Clefts of the lip and/or palate are among the most common congenital defects worldwide, characterized by their high genetic component and affect 1 in every 700 live births,[1] of which 70% of the cases are non-syndromic and 30% are syndromic.[2-4] Syndromic forms are usually caused by chromosomal aberrations or monogenic diseases, while non-syndromic forms derive from the interaction between genetic and environmental factors.[2,3]

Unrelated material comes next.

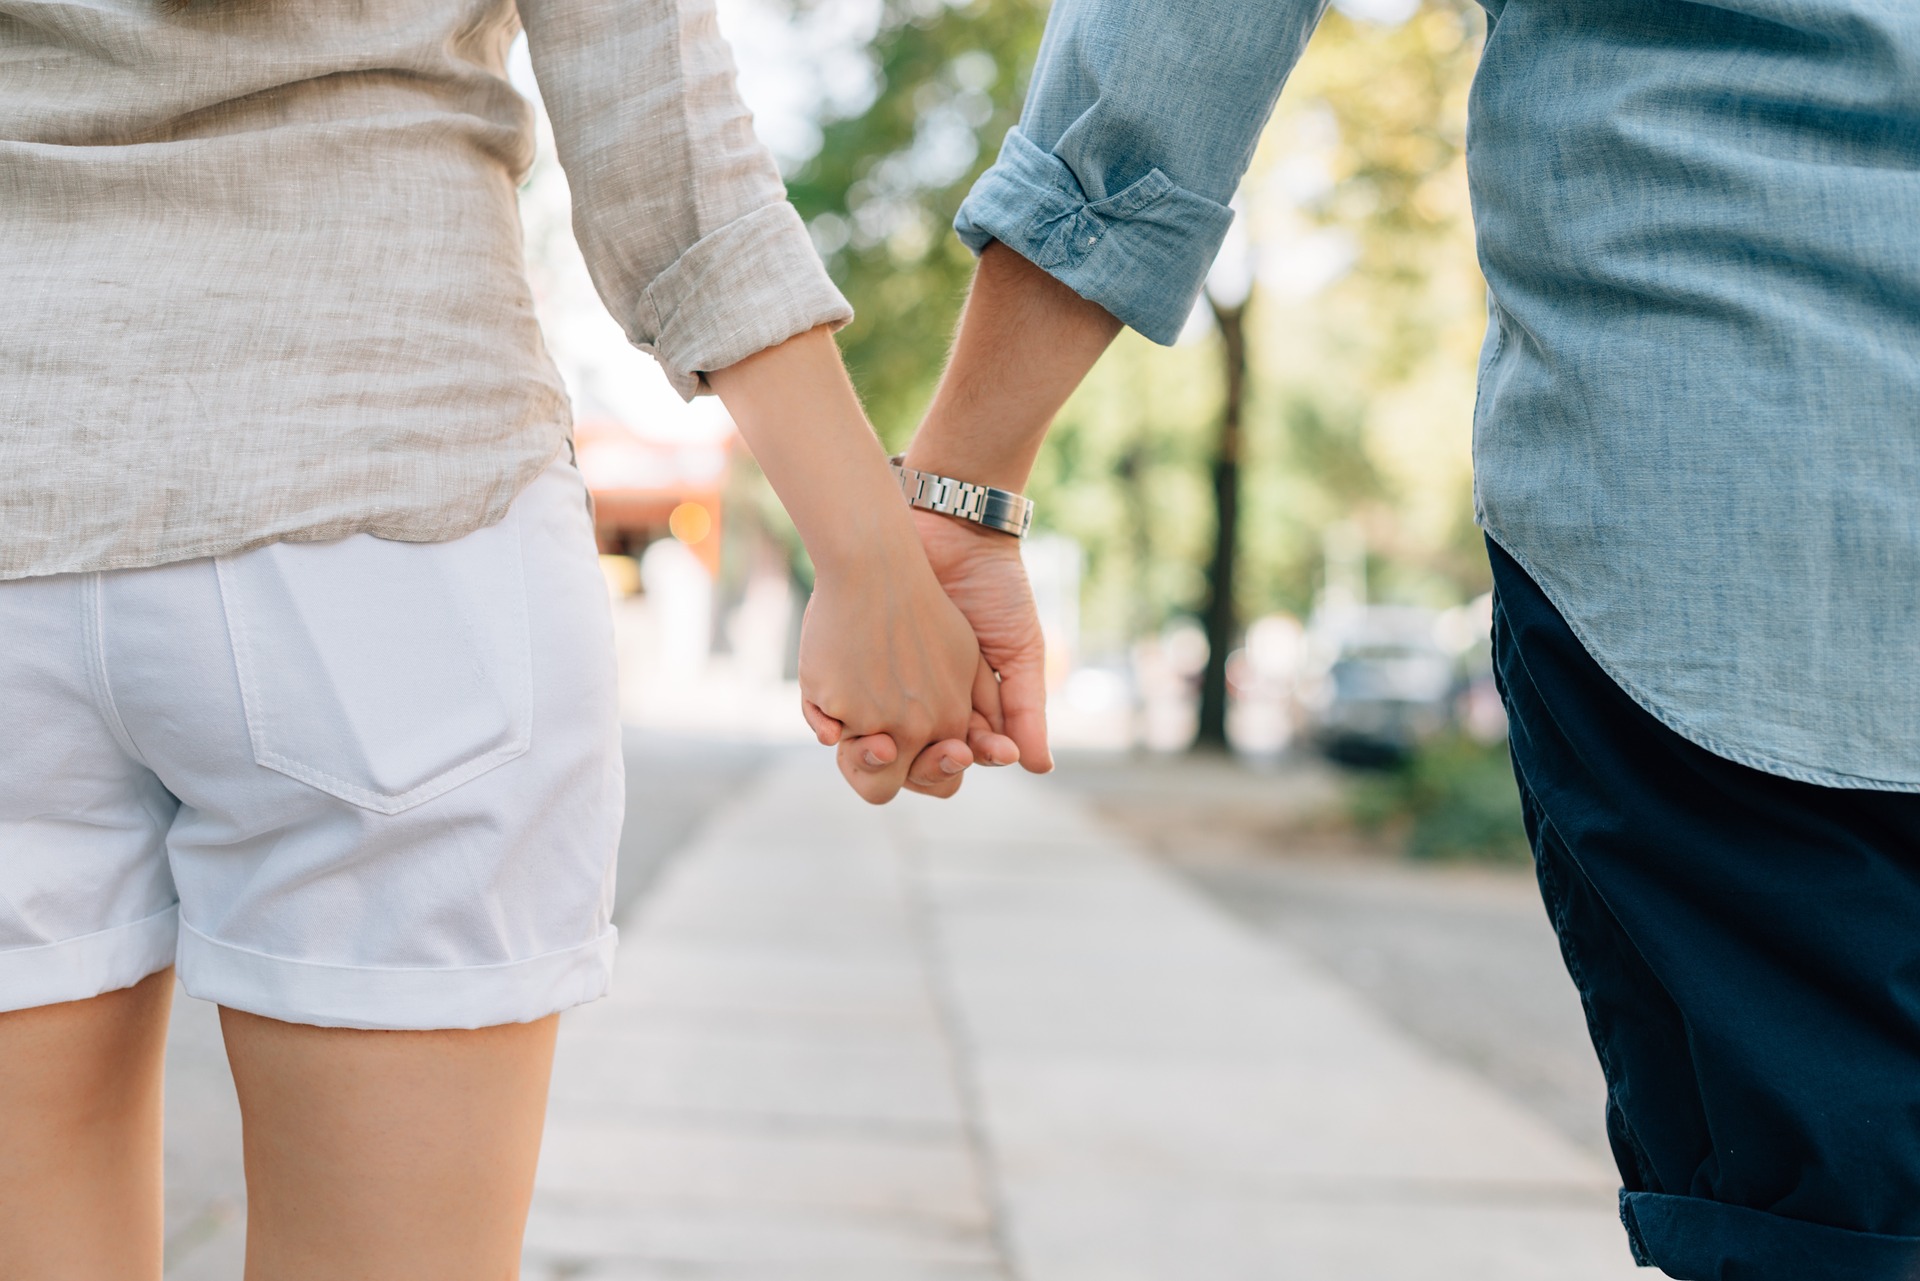 El reto de estar en pareja es saber avanzar juntos respetando el desarrollo de la otra persona. (Foto Prensa Libre: Shutterstock)

The upper lip and palate are formed by the fusion of components of the frontonasal process and the maxillary processes; and failures in these events during development cause the appearance of the cleft lip with or without a cleft palate.[5,6] Thus, murine and knock-out mouse models have allowed the identification of several genes and even different chromosomal loci as involved in cleft formation.[7,8]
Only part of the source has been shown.